Native Youth Advocate for Regulations on Smoking in the Movies
By TEEN ADVISORY GROUP, United Indian Health Services
United Indian Health Services’ Teen Advisory Group, better known as TAG has been advocating for the American Indian Film Institute to promote a socially and culturally responsible depiction of smoking and of tobacco products in the films that they accept for their annual film festival.
TAG began their education efforts by creating story boards about the danger of secondhand smoking, traditional tobacco use and commercial tobacco. These story boards then became three PSA’s and a short film about smoking in the movies. TAG members have presented their work to Humboldt State University, Communities in Motion, United Indian Health Services/ Program Planning Evaluation Committee, NCIDC Wellness Committee, the Tobacco Education Network and California Rural Indian Health Board. The following have signed a resolution to support TAG’s efforts to raise awareness about the negative impact smoking in movies has on children and youth; United Indian Health Services, Inc.;Northern California Indian Development Council, Inc.’s Wellness Committee; Humboldt County – Tobacco Education Network; California Rural Indian Health Board, Inc.; Resighini Rancheria; and Smith River Rancheria.
Six TAG members traveled with three UIHS staff members to the American Indian Film Festival in San Franscico in Novermber 2012. They attended the youth screening and the awards program. This was a great trip and TAG members were able to view a variety of other movies created by different tribal organizations.
United Indian Health Services’ NATIVE Tobacco Project is asking the American Indian Film Institute to adopt one of the following policies to promote a socially responsible depictation of tobacco use in films:
Not show movies that have tobacco products used/ or displayed in them that exploit American Indian images and/or culture,
Not show films that show youth ages 17 and under using commercial tobacco products, and/or
Show an anti-tobacco ad before movies that show commercial tobacco use.

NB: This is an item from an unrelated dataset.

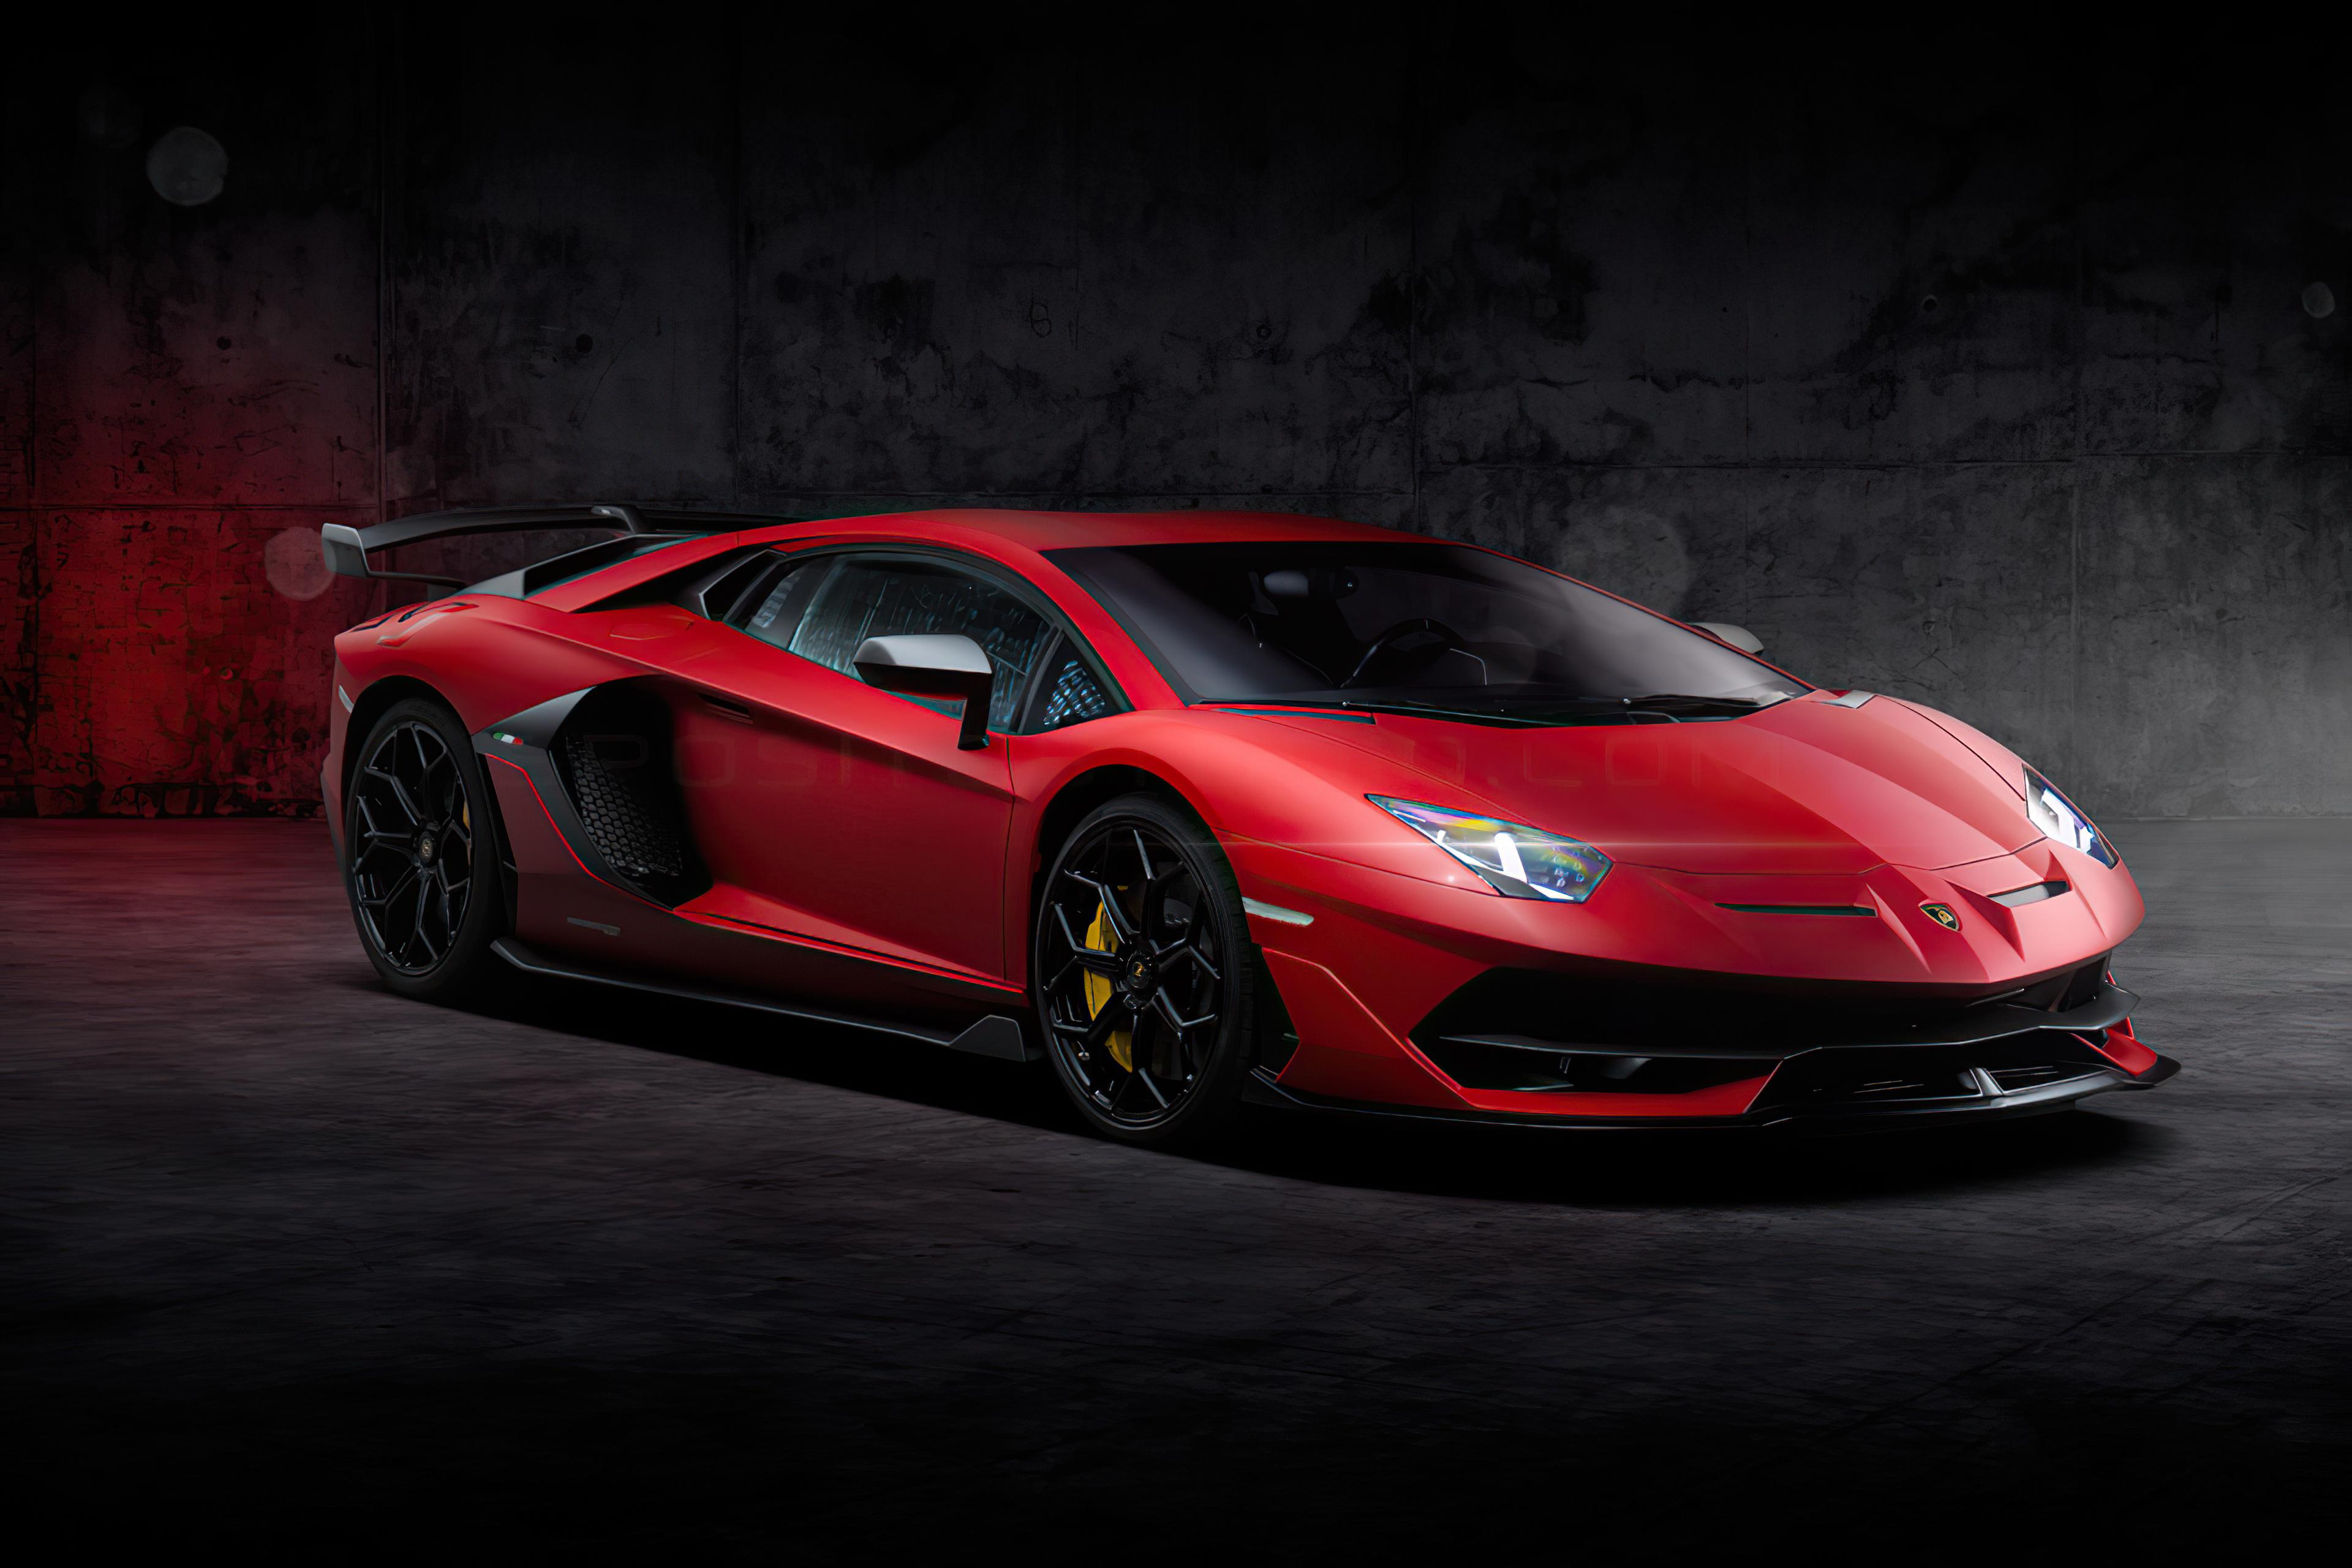 Red Lamborghini Aventador New, HD Cars, 4k Wallpapers ...

Why is TAG concerned about this? According to the Surgeon General:
Youth who are exposed to images of smoking in movies are more likely to smoke. Those who get the most exposure to onscreen smoking are about twice as likely to begin smoking as those who get the least exposure. Images of smoking in movies have declined over the past decade; however, in 2010 nearly a third of top-grossing movies produced for children — those with ratings of G, PG, or PG-13 — contained images of smoking.
Additionally, tobacco smoking is a serious problem within the American Indian community. According to the Centers for Disease Control (CDC) while the smoking rate in the general population of California is 14%, the smoking rate for California Indians is 33.5%, more than double that of other California residents. Cardiovascular disease is the leading cause of death among American Indians. Lung cancer is the leading cause of cancer death among American Indians.
Tobacco use is a major risk factor for the top two causes of death among American Indians, cardiovascular disease and for lung cancer. (National Network for Tobacco Control and Prevention)
United Indian Health Services’ Teen Advisory Group is hoping to be granted a time when they can present this information to the American Indian Film Institute in the near future. They feel this is a very important topic and would of tremendous benefit to American Indian youth.